======== Material provided ========

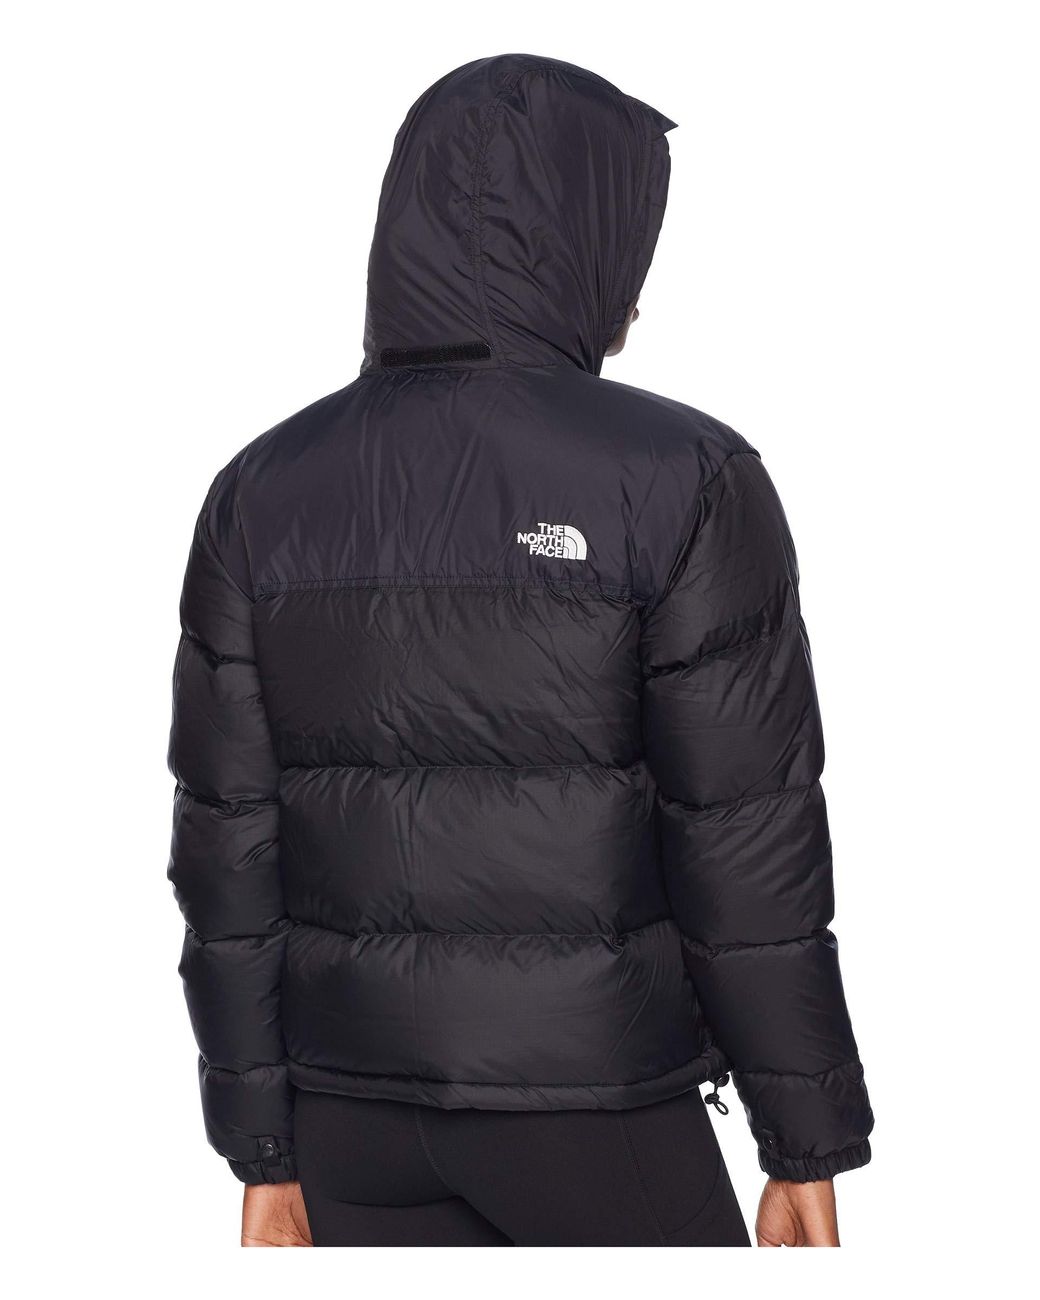 The North Face 1996 Retro Nuptse Jacket in Black | Lyst
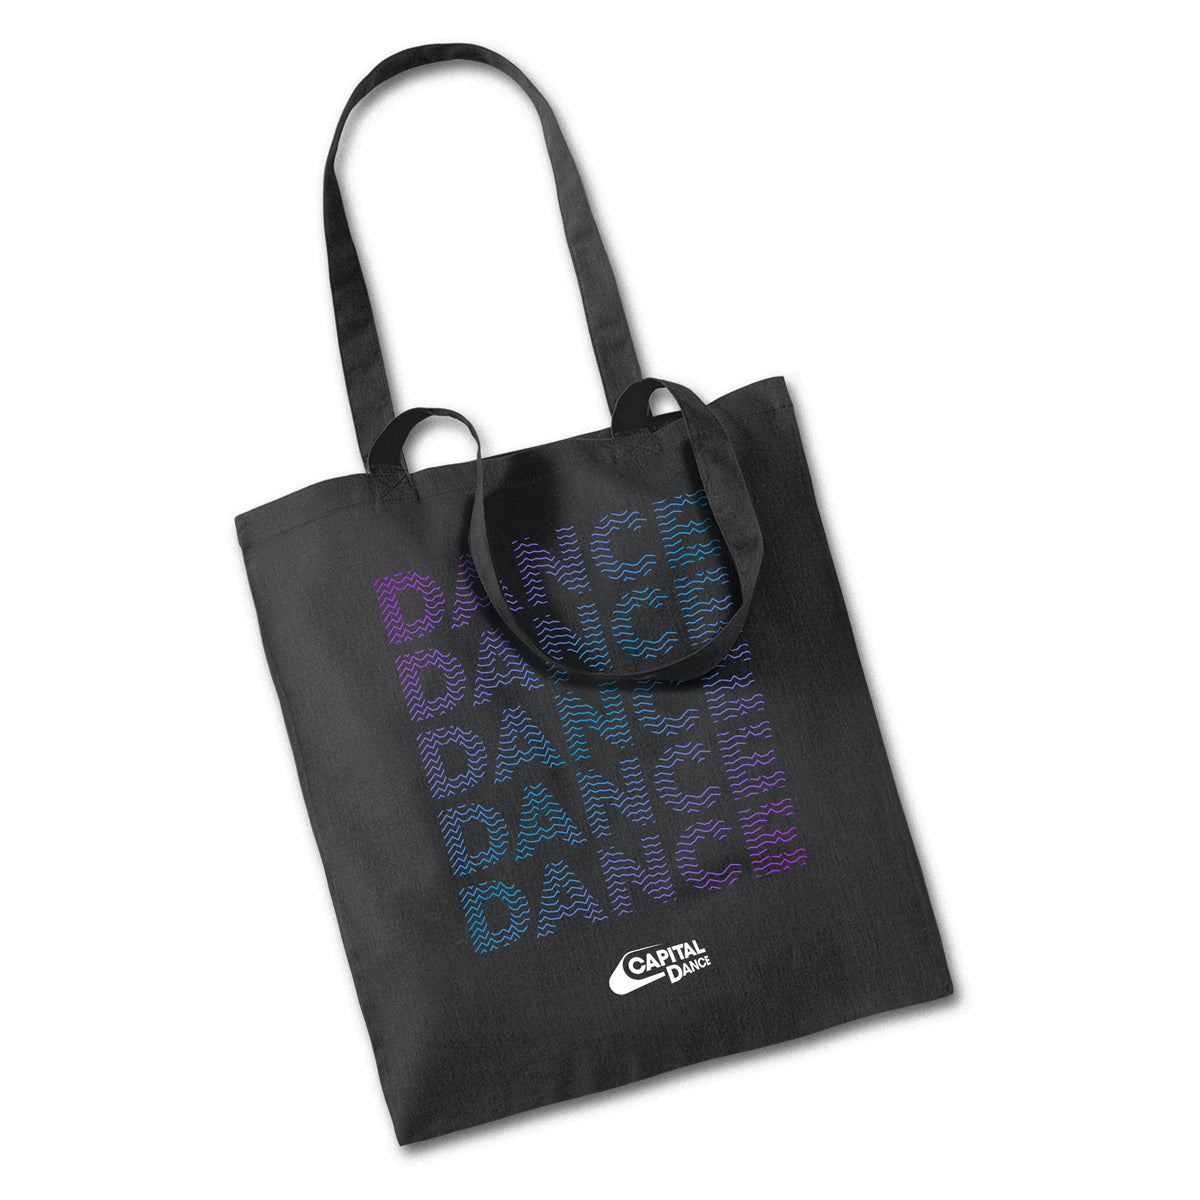 Dance Dance Dance Tote Bag
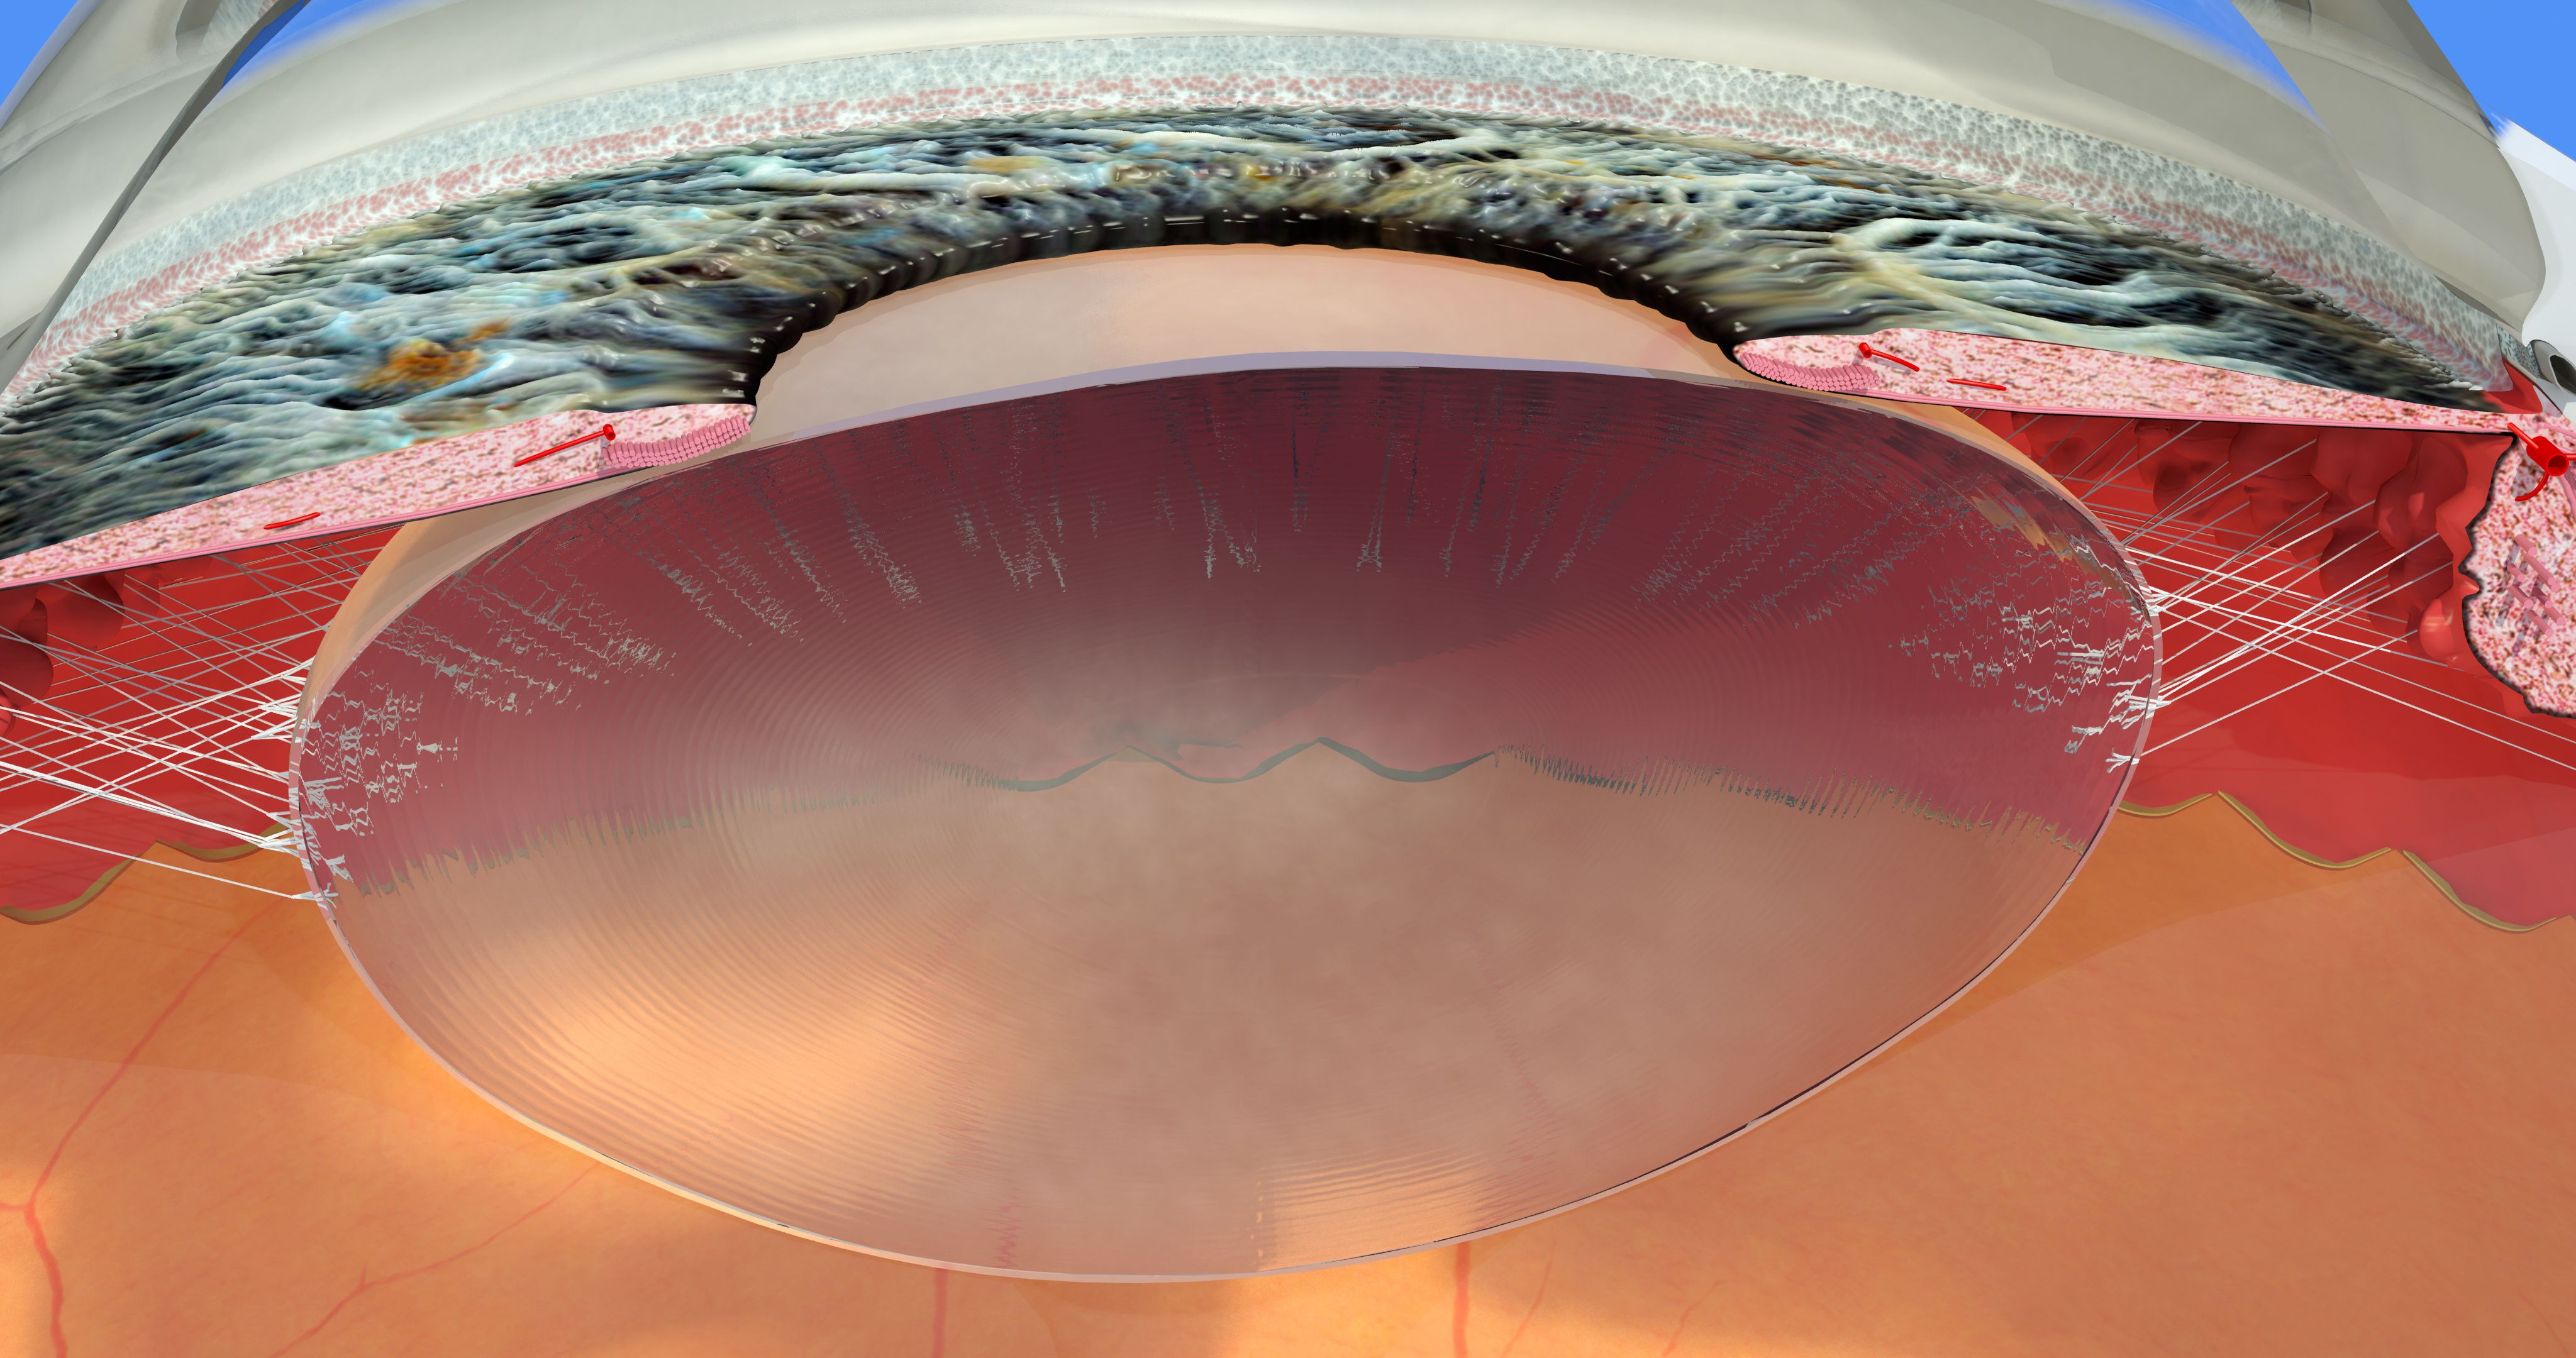 Strategies for managing strabismus after repair of retinal detachments

========

[Brief]: Copy out all the data above exactly, pictures excluded.

[Output below]:
 The North Face 1996 Retro Nuptse Jacket in Black | Lyst
 Dance Dance Dance Tote Bag
 Strategies for managing strabismus after repair of retinal detachments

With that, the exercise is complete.